Pierre Sergent raconte dans son livre Les Maréchaux de la Légion qu’au printemps 1941, par un de ces mystères dont l’armée et l’administration françaises ont le secret, les soldats du troisième régiment étranger d’infanterie en garnison à Fès, au Maroc, eurent un important rappel de solde. La conséquence immédiate en fut une épidémie de beuveries et de rixes qui submergea la prison et désorganisa le service.
La France de Gérald Darmanin, sans augmentation de solde, hélas, connaît la même submersion. Pour y faire face, en attendant de construire à la hâte de nouveaux bâtiments, le ministère de la Justice aménage les peines, n’exécute pas celles qui sont inférieures à deux ans, multiplie les travaux d’intérêt général, les jours-amendes et la détention à domicile sous bracelet électronique. Et comme elle est humaniste en diable depuis Simone Veil et Robert Badinter, elle améliore le confort de certaines cellules, elle ménage de meilleures conditions de détention : c’est ainsi que le mariage ou le concubinage sont offerts aux prisonniers qui le souhaitent, et qu’ils peuvent recevoir leur conjoint en toute intimité dans ce qu’on nomme un « parloir famille ». Nordahl Lelandais, ou Périnet il a changé de nom , condamné en 2022 à perpétuité pour le meurtre de la petite Maëlys de Araujo, 8 ans, a de cette manière pu concevoir un fils qui a dix-huit mois maintenant. Résultat de cette manière douce : la criminalité croît et les prisons sont toujours plus engorgées.
Le colonel commandant le troisième étranger d’infanterie à Fès en 1941 choisit une autre méthode. Il nomma un nouveau responsable de la prison et lui tint ce langage : « La prison est archipleine. Tu vas en prendre la responsabilité pendant un mois. Si, dans un mois, l’effectif n’a pas diminué de moitié, tu y feras trente jours supplémentaires, mais, cette fois, comme puni. Alors, tu sais ce qu’il te reste à faire. » Le sous-officier transforma la prison en bagne : la peur de le subir devint plus forte que l’envie de boire. Appels, contre-appels, “décrassages” physiques interminables jusqu’à l’épuisement, corvées, punitions écrasantes au moindre prétexte, au vu et au su de tout le monde. En un mois, la mission était accomplie.

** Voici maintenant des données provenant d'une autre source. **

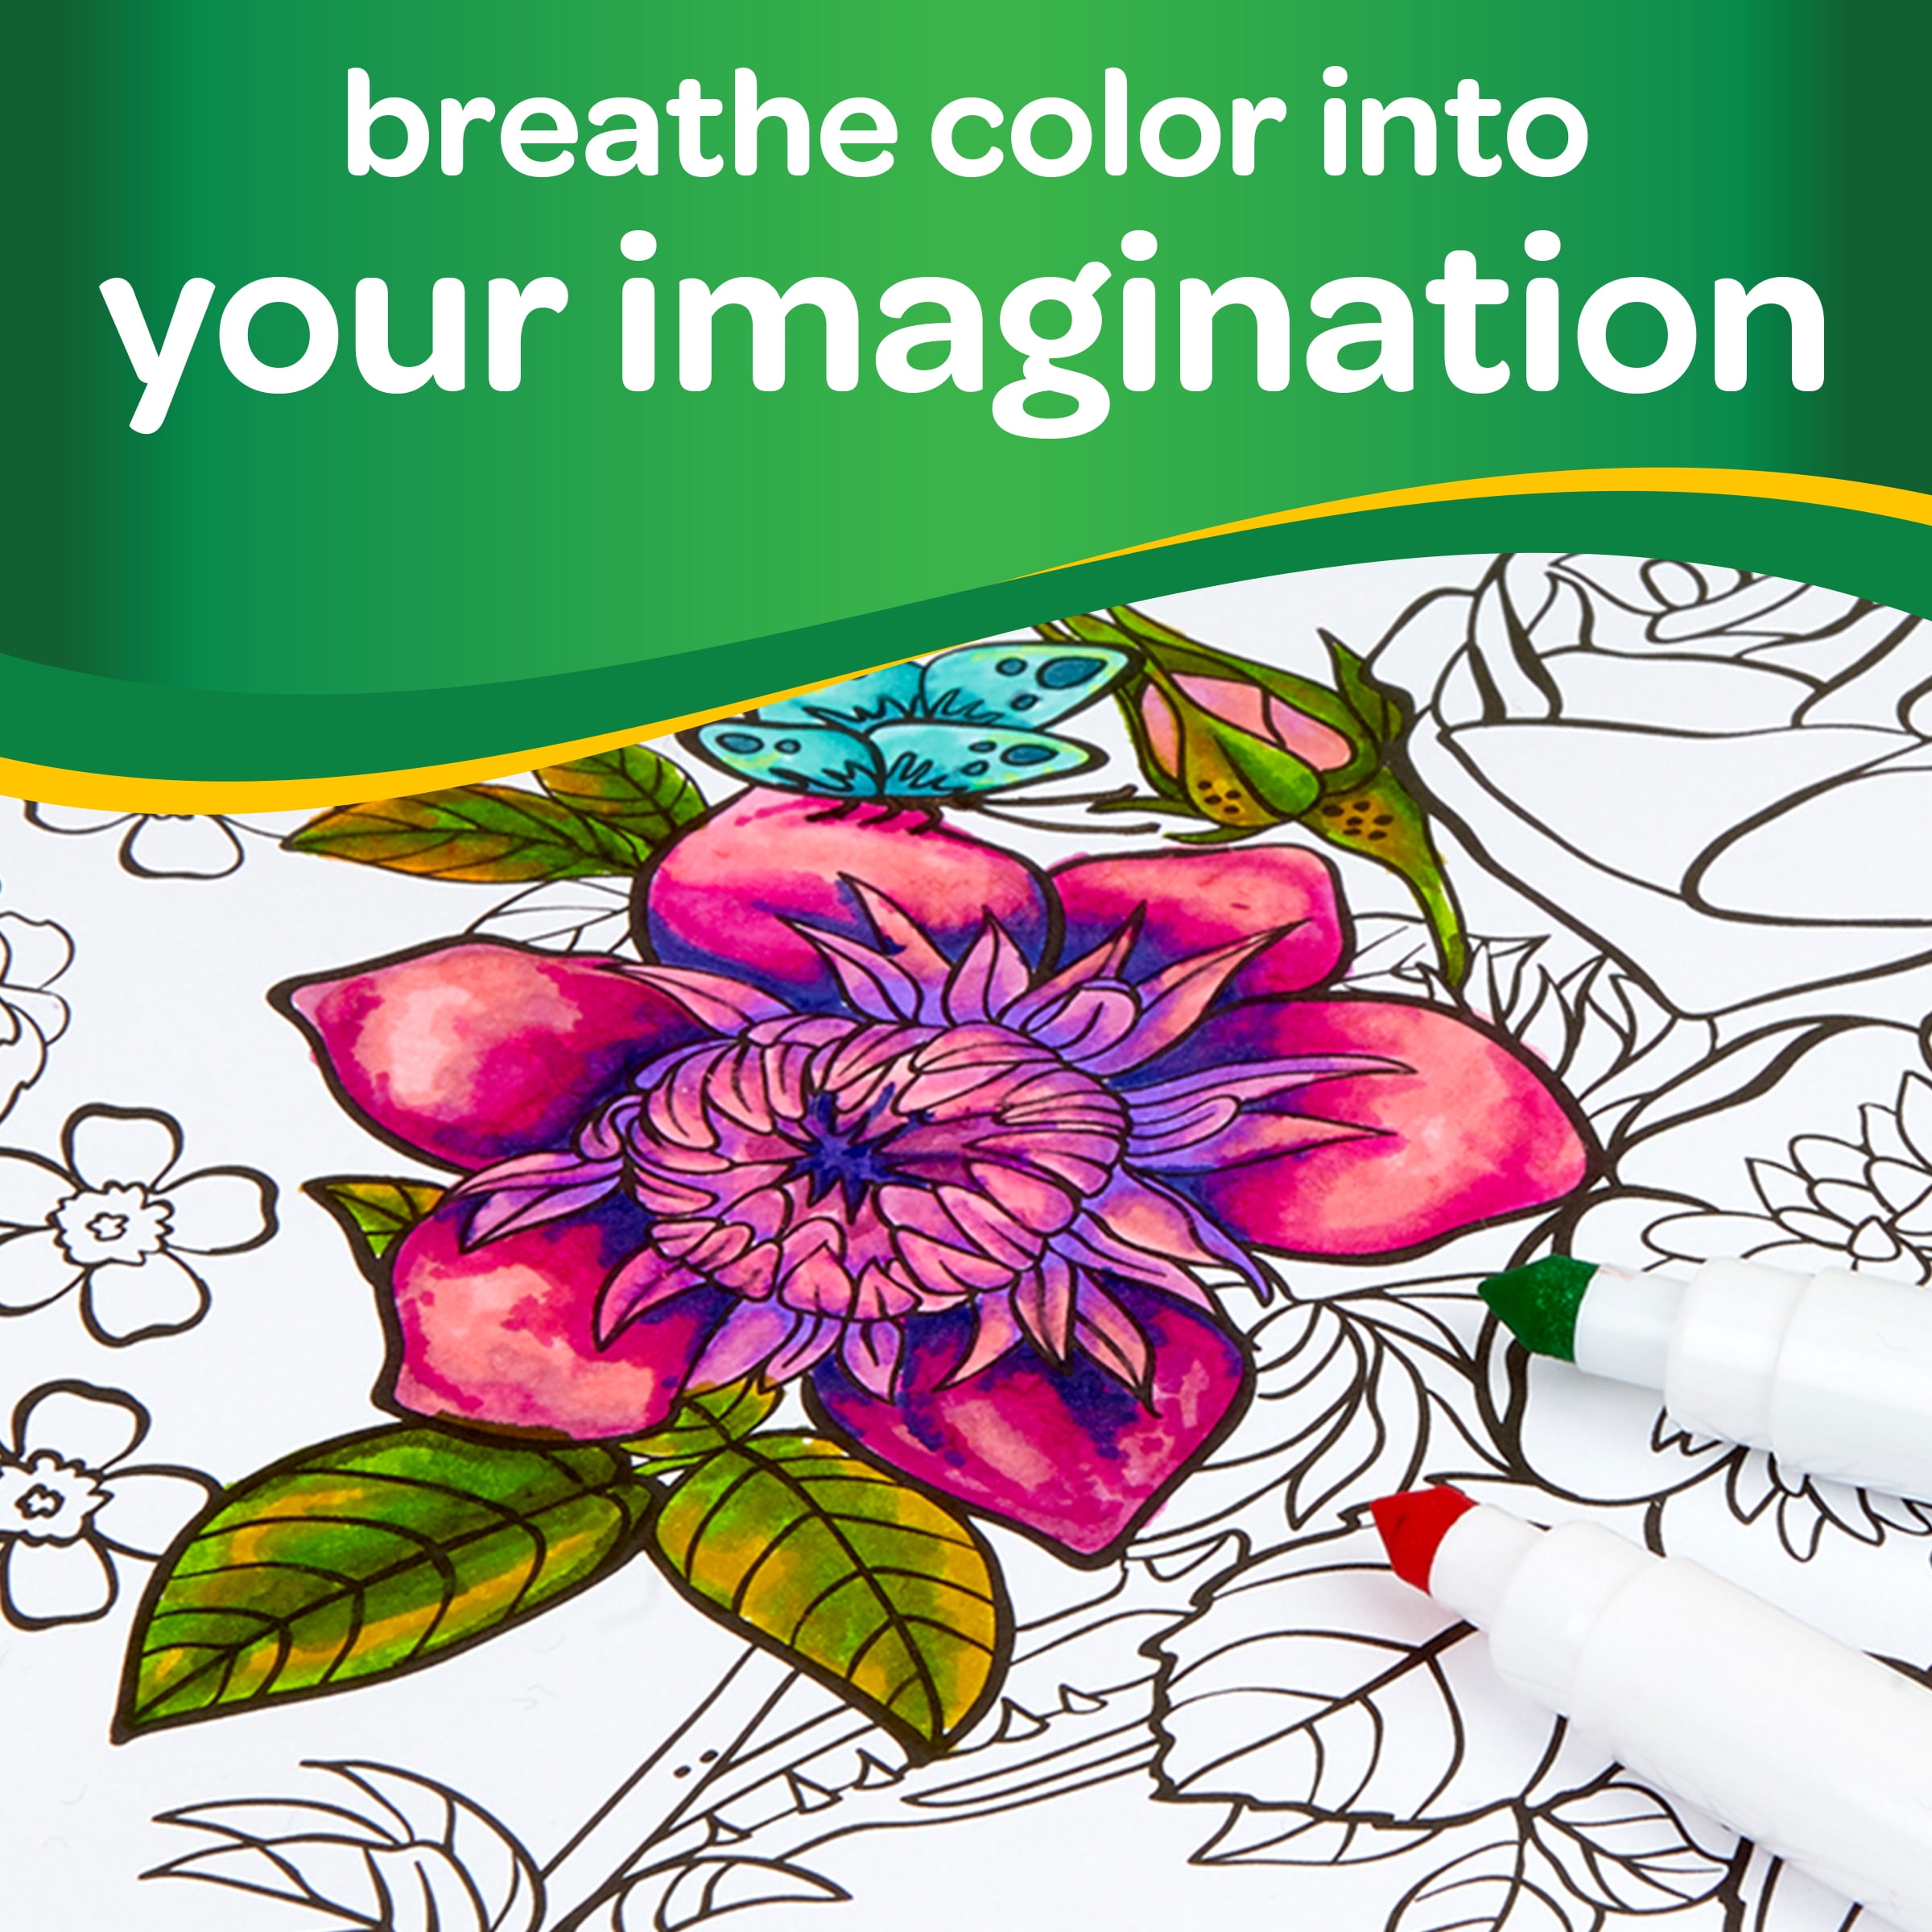 Crayola Super Tips Washable Marker Set - Assorted Colors, Fine Line, Set of  50, BLICK Art Materials

Sans doute la révolution arc-en-ciel et humaniste rendrait-elle aujourd’hui cette méthode difficile d’emploi, mais elle fut efficace, quand la méthode Veil-Badinter, sous couleur d’humanité, engendre par son fiasco un monde inhumain.
Ce monde fondé sur les illusions des prétendues sciences sociales et sur la volonté prétendument bonne que nourrissent les idées fausses dépense beaucoup d’énergie, d’argent et d’erreurs pour organiser ce qu’il nomme la « réinsertion ». Trop souvent, ce n’est hélas qu’un rêve niais qui néglige la réalité.
Ainsi, par exemple, Nordahl Lelandais-Périnet vient-il, sous les yeux de son fils de dix-huit mois et l’objectif de la caméra de surveillance, d’étrangler à moitié sa compagne lors d’un parloir aménagé, la saisissant aux cheveux. Les chats ne font pas des chiens ni les pommiers des poires. La réinsertion, pauvre utopie administrative, néglige le plus important : l’âme. La Légion, pour en revenir à elle, propose autre chose, par l’anonymat qui protège l’engagé : une autre vie. Des bannis, des asociaux, des criminels peuvent devenir des héros. De même l’Église, dans le secret de la confession et le mystère du pardon, offre-t-elle un changement d’âme radical : la conversion. Des pervers, des voleurs, des meurtriers sont devenus des saints.
La Rédemption est une meilleure méthode que la réinsertion.